Berg’s view is on a 30-year bear market is on a “real inflation-adjusted basis, not a nominal basis”.
This is the “most over-valued equity market in history, worldwide” …. not even a Mario Draghi “whatever it takes” action will help.
“It’s all one big worldwide bubble.”
I especially like Berg’s admission that he does not know how this ends.
“Either deflation is going to accelerate, which is most likely, or they [central banks] will turn to real inflation, real printing, rather than just credit inflation. Either way it’s disastrous.”
That has been precisely my view for some time.
I too, expect another round of credit-based deflation but I am willing to change my mind if something different happens.

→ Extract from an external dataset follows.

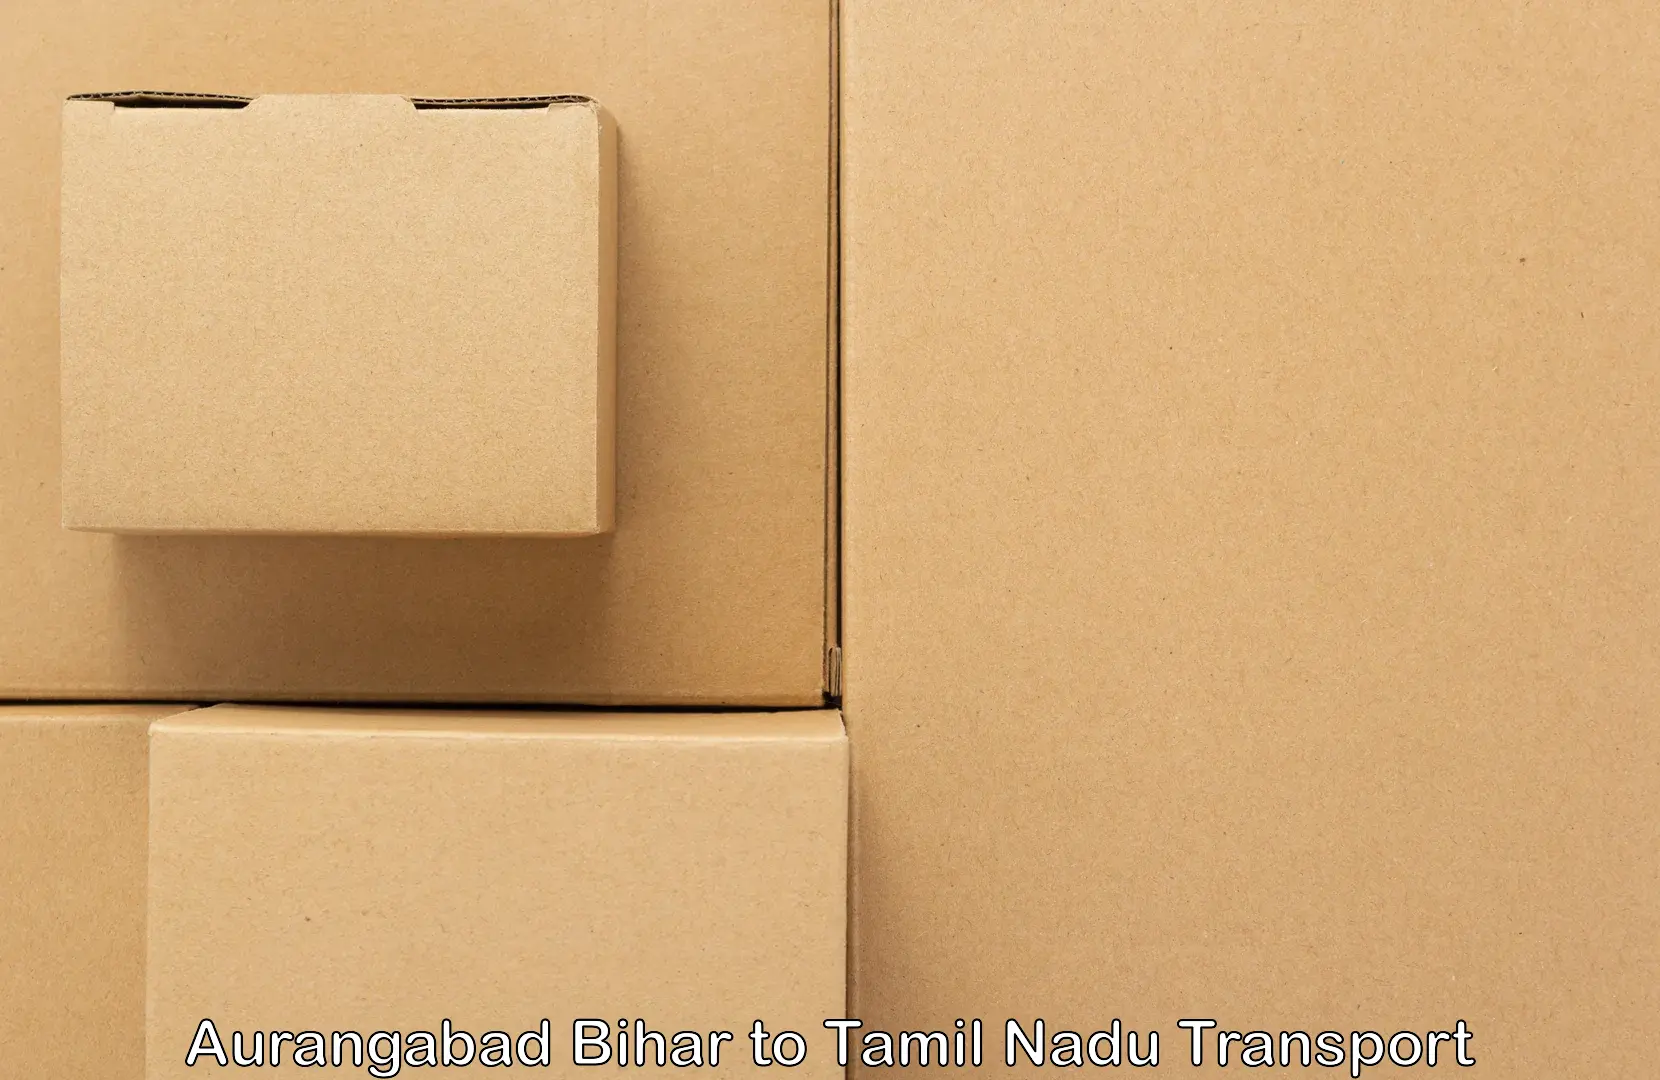 Cargo transportation services Aurangabad Bihar to Karur

Berg finishes with a bang: “The whole idea you buy stocks and hold them for 30 years was never correct. … The typical investor should be out of stocks and out of bonds and wait for a crisis, and buy during a crisis.”
Not sure when the bond bubble bursts. Stocks are on the cusp now.
But as I have stated, there may not be a crash that many bears now expect.
My favored scenario is a series of five to fifteen percent declines over a number of years, with smaller and less frequent rallies, where every rally is a trap.
Such a slow bleed would be far more painful to pension plans counting on eight percent annualized returns.
This is one of the best Bloomberg interviews I have seen in a long time, but I am a bit biased. I would have said nearly the same thing.